# Whats you opinion on Avery Decoys



## buchwheat (Feb 8, 2005)

Hey
Whats you guy's opinion on avery decoys.
Expensive but are they worth the price


----------



## goose_slayer28 (Mar 28, 2005)

where else can you get 1 doz full bodies for 240.00 let me know and do they look half as real as the avery green head gear NO WAY if you want to kil;l geese theres lots aways around it but IM convinced you need to look and sound real and that all starts with the decoys you use I only use avery shells and full bodies why because they work thats my opinion....


----------



## 4CurlRedleg (Aug 31, 2003)

:thumb:


----------



## buchwheat (Feb 8, 2005)

Thanks
Me and my friend are going to get some and split the cost.
If youve ever been in the sportsman warehouse in fargo thats where were going to get them

THEY LOOK REAL


----------



## purepower (Sep 11, 2004)

i love my avery's


----------



## SBEIIstyle (Feb 3, 2005)

Great dekes, just gotta take care of them witch is a given for any decoy , and they'll be a great investment towards your future hunting success.


----------



## quackattack (Sep 27, 2003)

Well if your wondering how realistic they are, I got 6 a few weeks ago and I live out in the country right outside of Grand Forks, so I thought i'd have some fun.

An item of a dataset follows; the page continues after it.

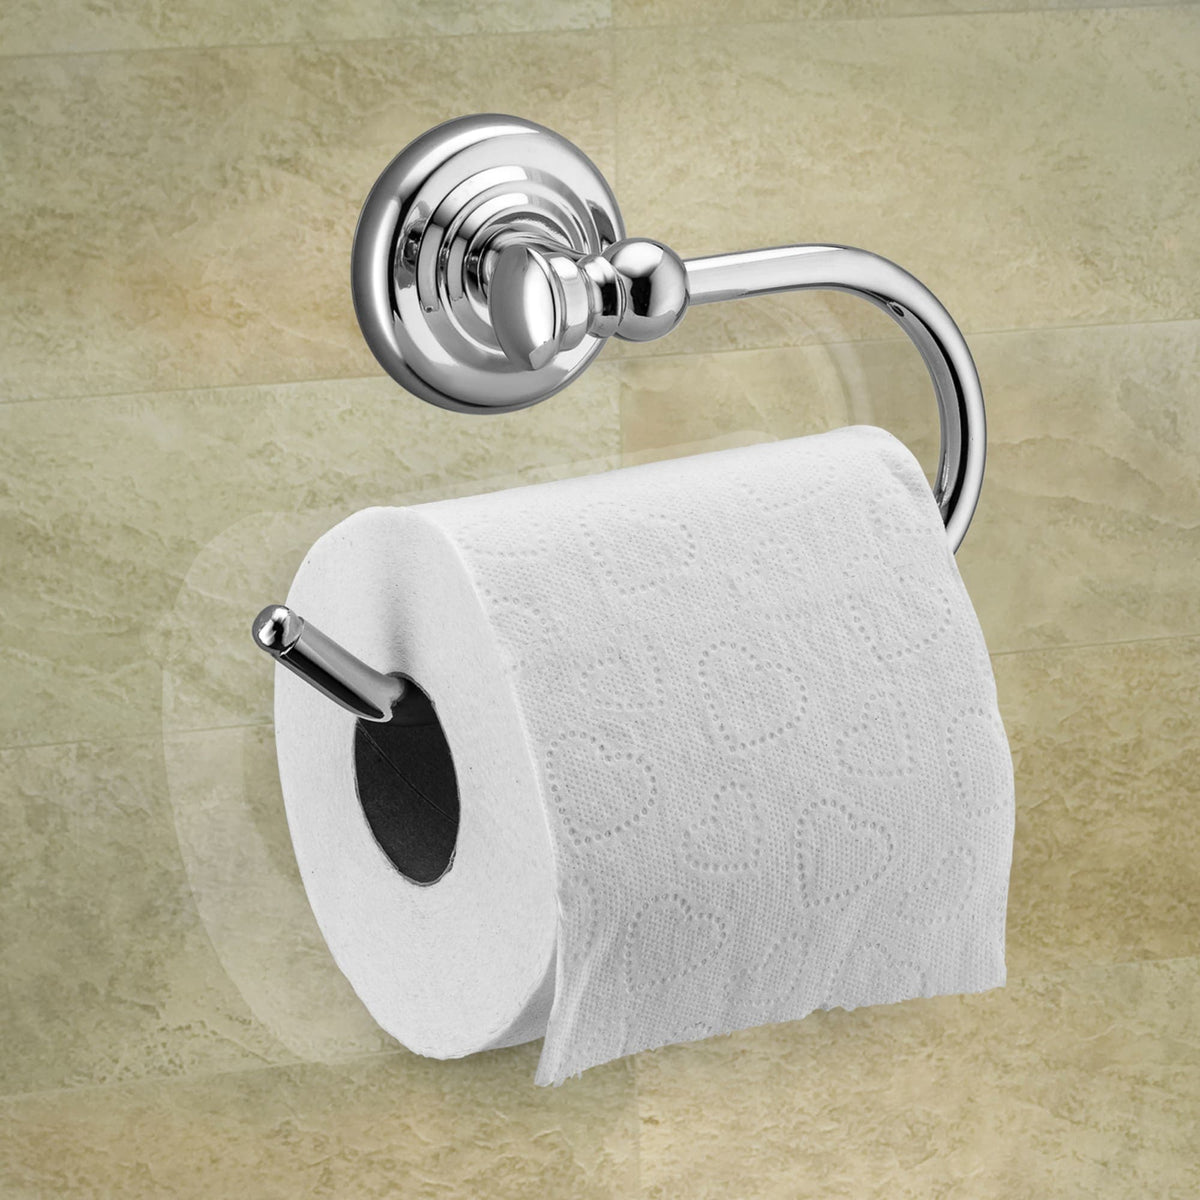 Home Basics Wall-Mounted Toilet Paper Holder, BATH ORGANIZATION

I put the 6 GHG's in the yard quite aways from our house and people would drive down the gravel road and slam on their brakes and stop and point at the decoys. :lol: And they were only about 50 yards off the road. So yes they are realistic. They aren't the most durable decoy i've ever bought, but like everyone else has told you, treat them good and they will last forever. 
:beer:


----------



## buchwheat (Feb 8, 2005)

Thanks ofr the help
if you have any other input just post more


----------



## Drew Willemsen (Sep 29, 2003)

the trailer will be stacked with em this fall!!! :beer:


----------